Monte carlo sampling the modularity space

Warning: I’m not really doing this entry justice, but it should be good-enough for logging purposes.

For the past few years, the complex networks community has spawned a thread in community detection: very roughly the problem of detecting subgraphs within a network that have a greater density of edges within-community than not.

Though greedy algorithms optimizing a very successful criteria called modularity (obviously there are many alternative methods to optimizing modularity overviewed in the literature) are good for very large networks, one side-issue is properly analyzing the variety of partitions that could be generated that have similar modularities. This has been explored a bit (too many links for the spirit of this post).

One way to tackle this issue is to use a technique called Markov Chain Monte Carlo (MCMC), in which the transition probabilities in your Markov chain are from one possible partitioning of the network to another. Since the number of possible partitions of n nodes in the network is equivalent to the number of possible set partitions with n members, we can’t possibly exhaustively explore the entire space for even moderately sized networks.

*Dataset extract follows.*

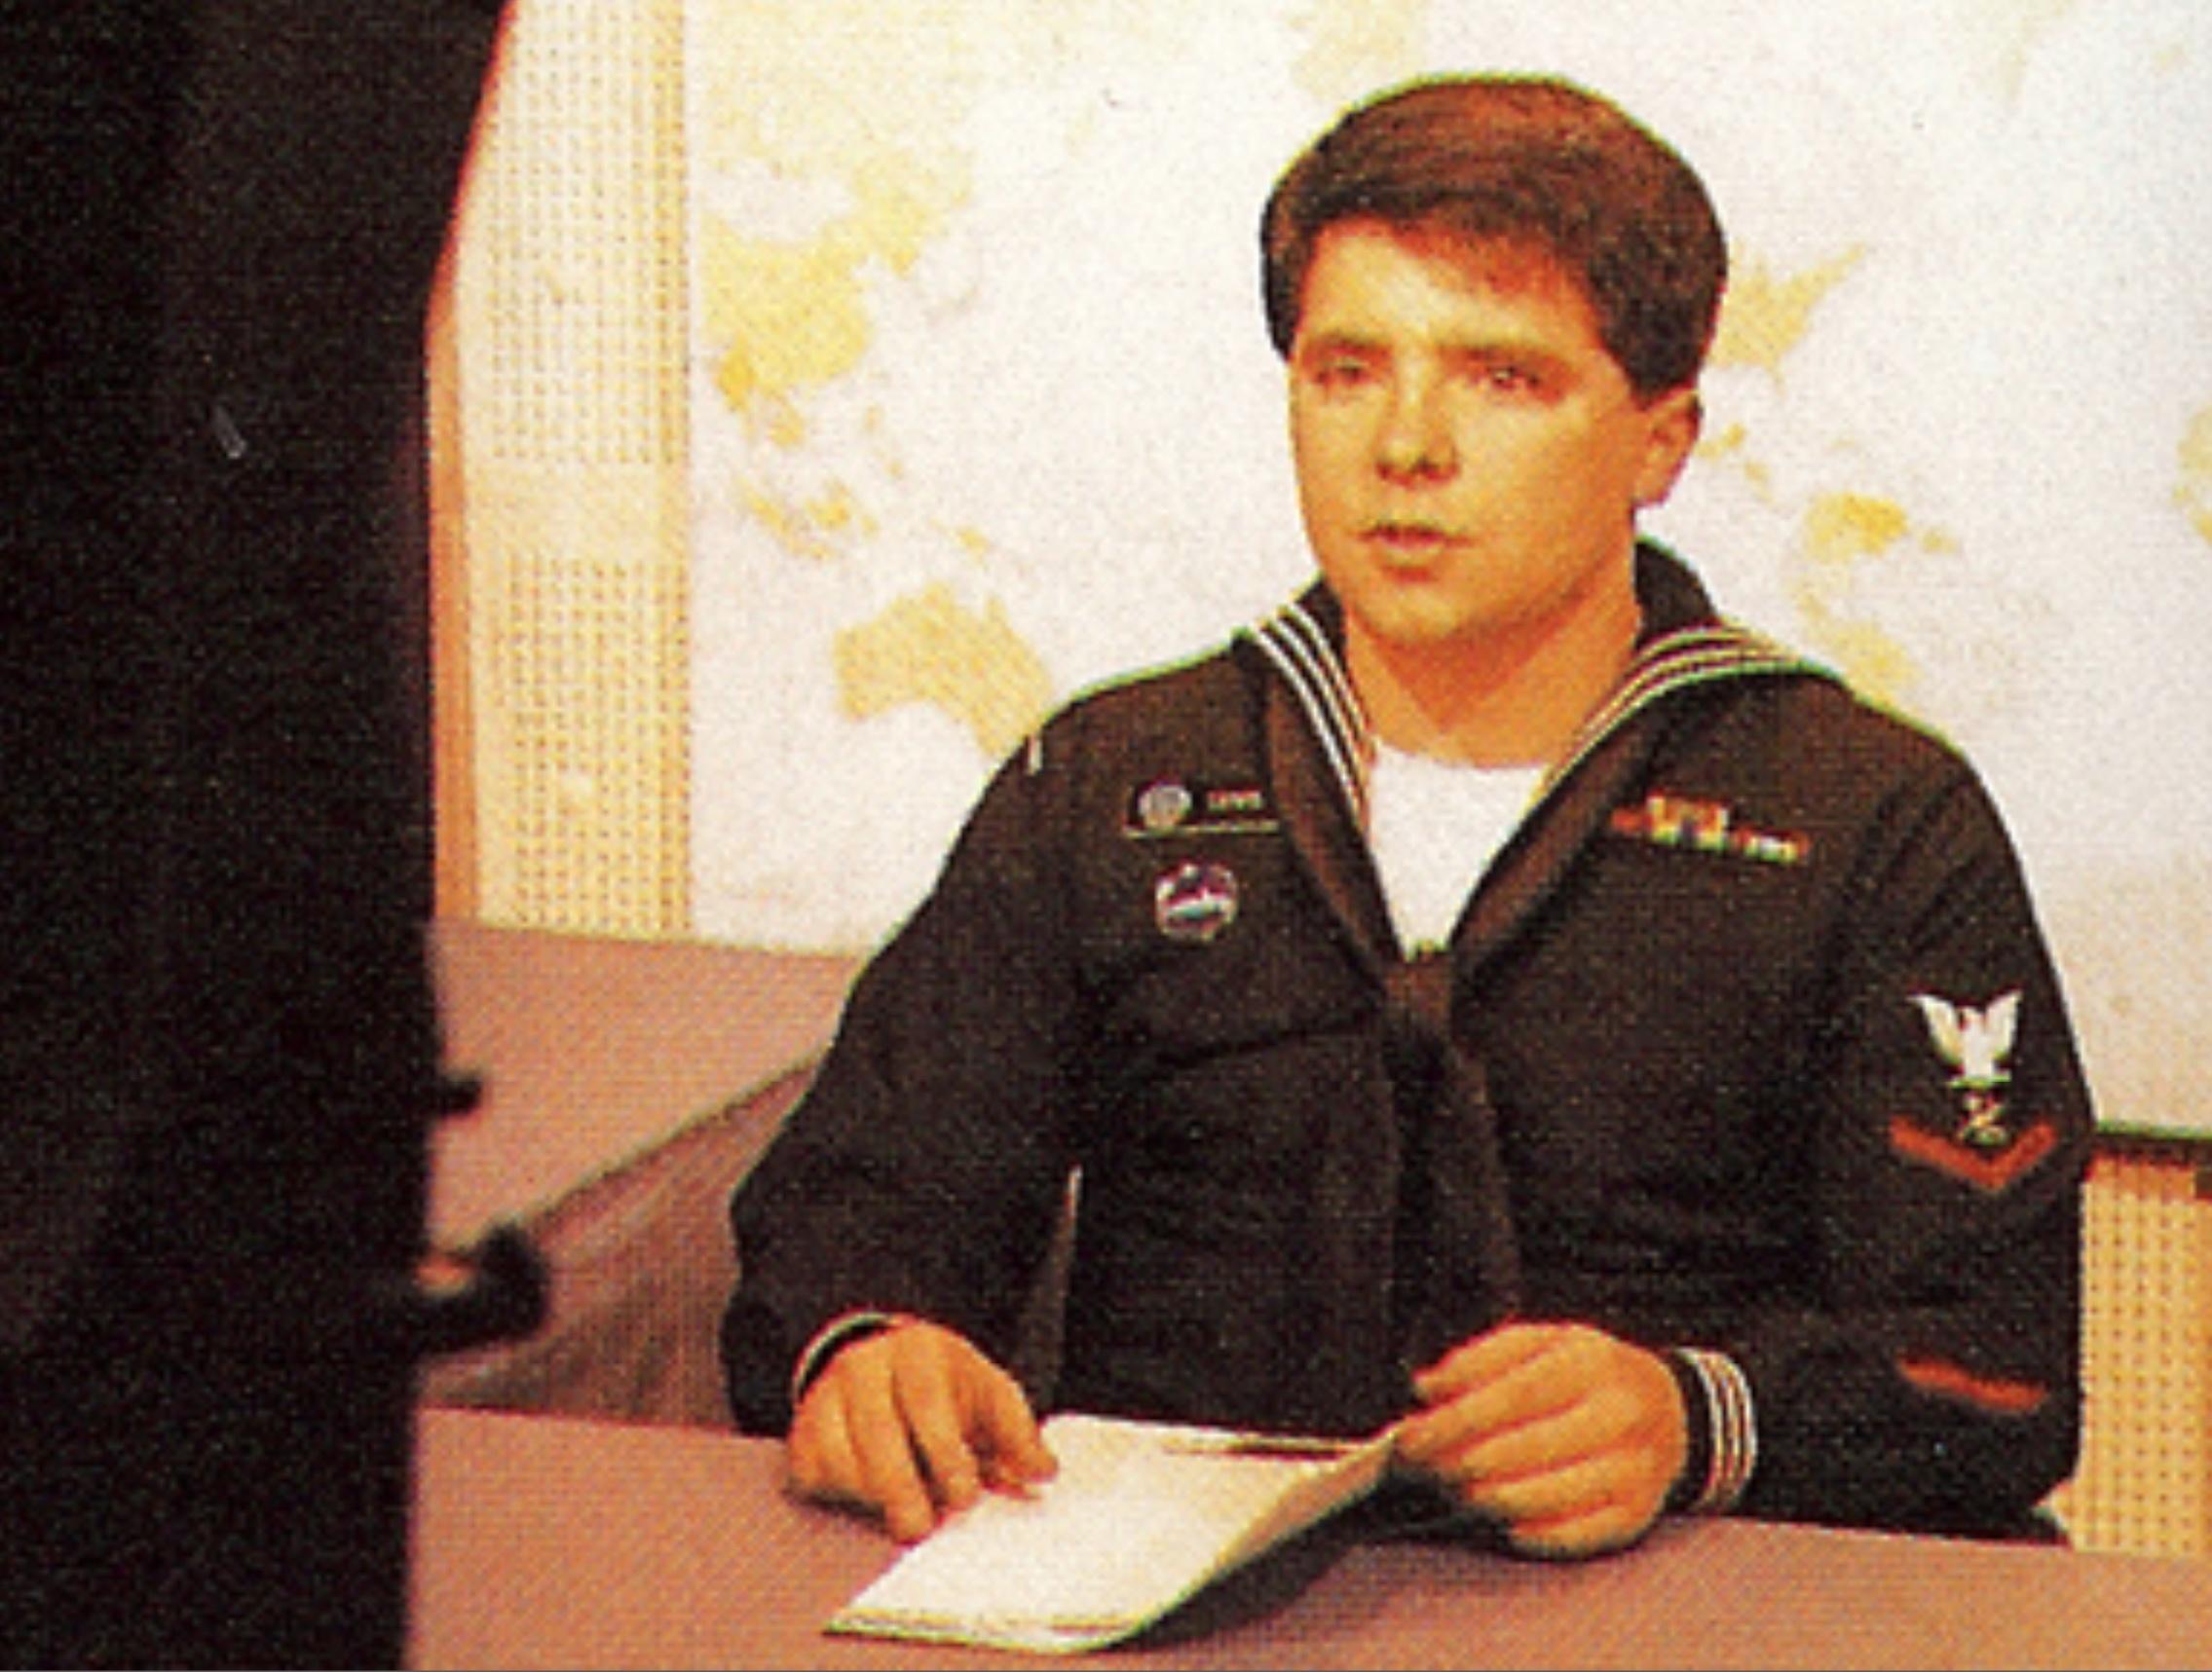 Tim Lewis at Navy News Desk

But we can, if careful, sample from this space with proportional to a bias of our choice because it can be shown that the Markov chain will eventually reach a state of equilibrium.

This technique, among other things, helps us learn more about the properties of the space of partitions as well as analyze whether the partitioning buys us much (i.e. if the nodes really stay in one partition a lot or not for the ensemble of partitions generated at equilibrium). I’ve come across and have been pointed to literature where it’s in statistics, quantum chemistry, and statistical physics, and am most certain it’s used in many more fields of study. Part of the appeal in using the technique is that it allows for a surprising amount of flexibility in choosing the transition probabilities and is conceptually easy to grasp (I wonder how badly it’s abused).

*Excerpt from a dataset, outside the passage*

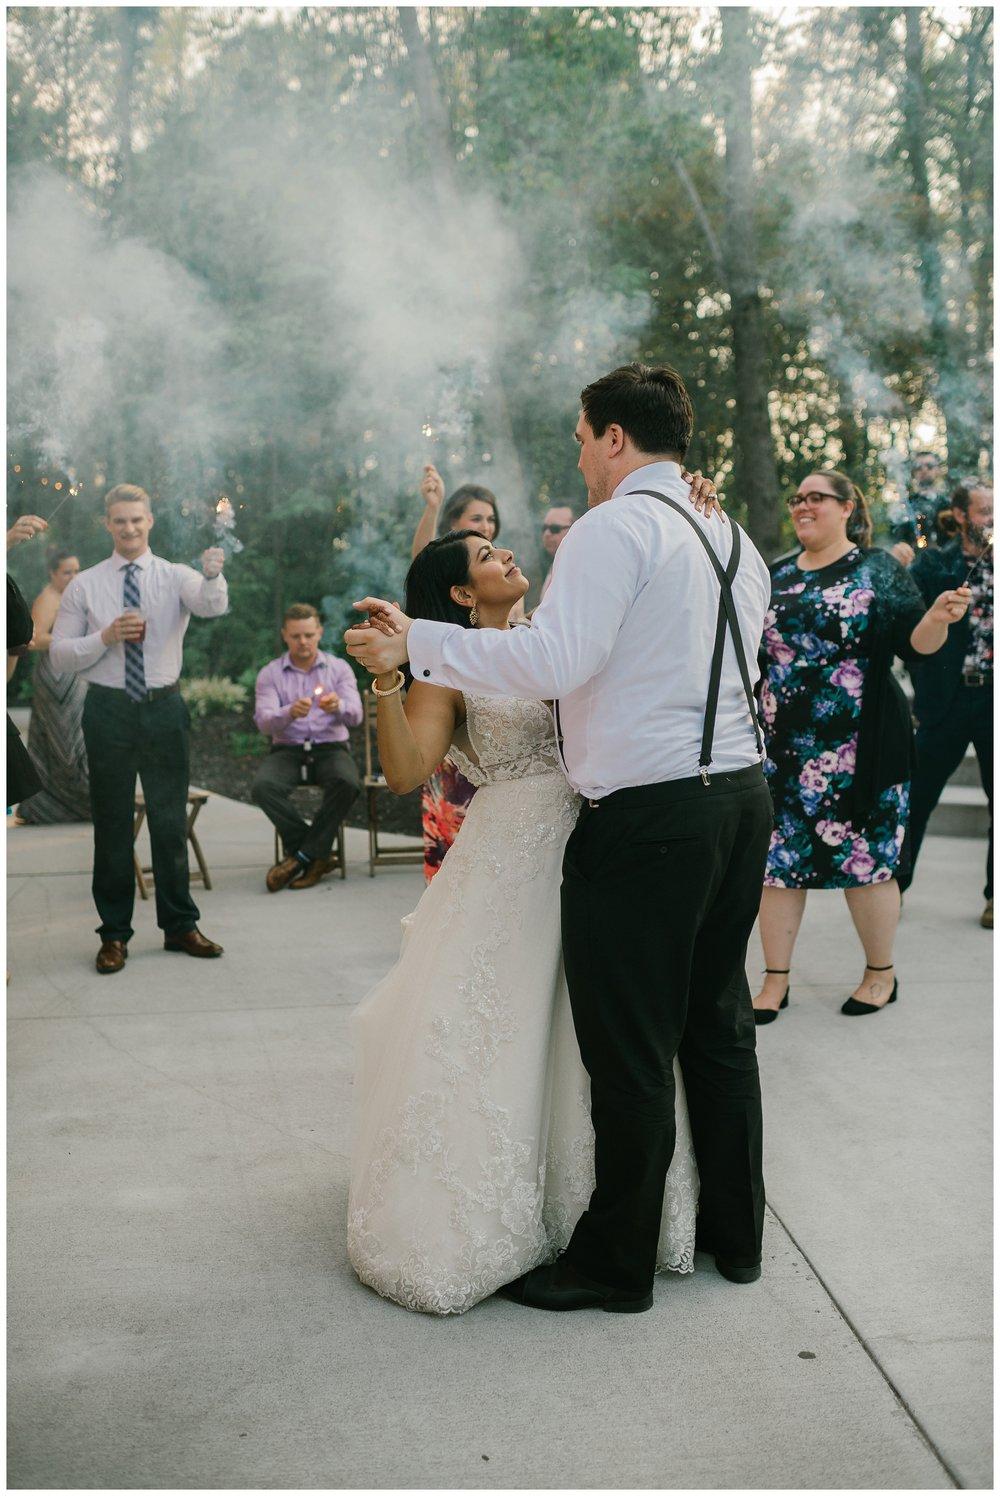 Rebecca_Bridges_Photography_Indianapolis_Wedding_Photographer_7000.jpg

I can now link you to some code I wrote.

It uses the same transition scheme described in Massen-Doye ’06, but samples directly proportional to the modularity rather than via parallel tempering on the Boltzmann distribution (an exploratory suggestion from Aaron Clauset). The results show that this works quite well itself, and the modularity of the partitions at equilibrium usually hover below the maximum determined modularity, as expected.

With this “starting point” (the cleaned up code) I have tried a variety of other transition schemes as well as done some thinking on what would be valuable in terms of the target distribution. This exploration serves as a good basis for continuing to play with modularity, its connection to hierarchical structure, and even dynamical systems.

On a less technical level, I have been slowly gathering notes on what’s actually happening (a.k.a WAH?) in the field of statistical analysis of complex networks (both static and dynamic) as a whole and what certain analysis techniques buy us for particular networks. Right now I’m still engrossed in seminal work, but as they become more refined I’ll post a link to them so that I can perhaps get more feedback on my “worldview” of the area.

And even more tangentially related, those of you who may reproducing research, there is a slight error in the reporting of the modularity of the karate club network for the fast algorithm (the author has been aware of this) and that the second pass of the CNM algorithm should be run at step MAXQ-1 to get the partition with optimal modularity.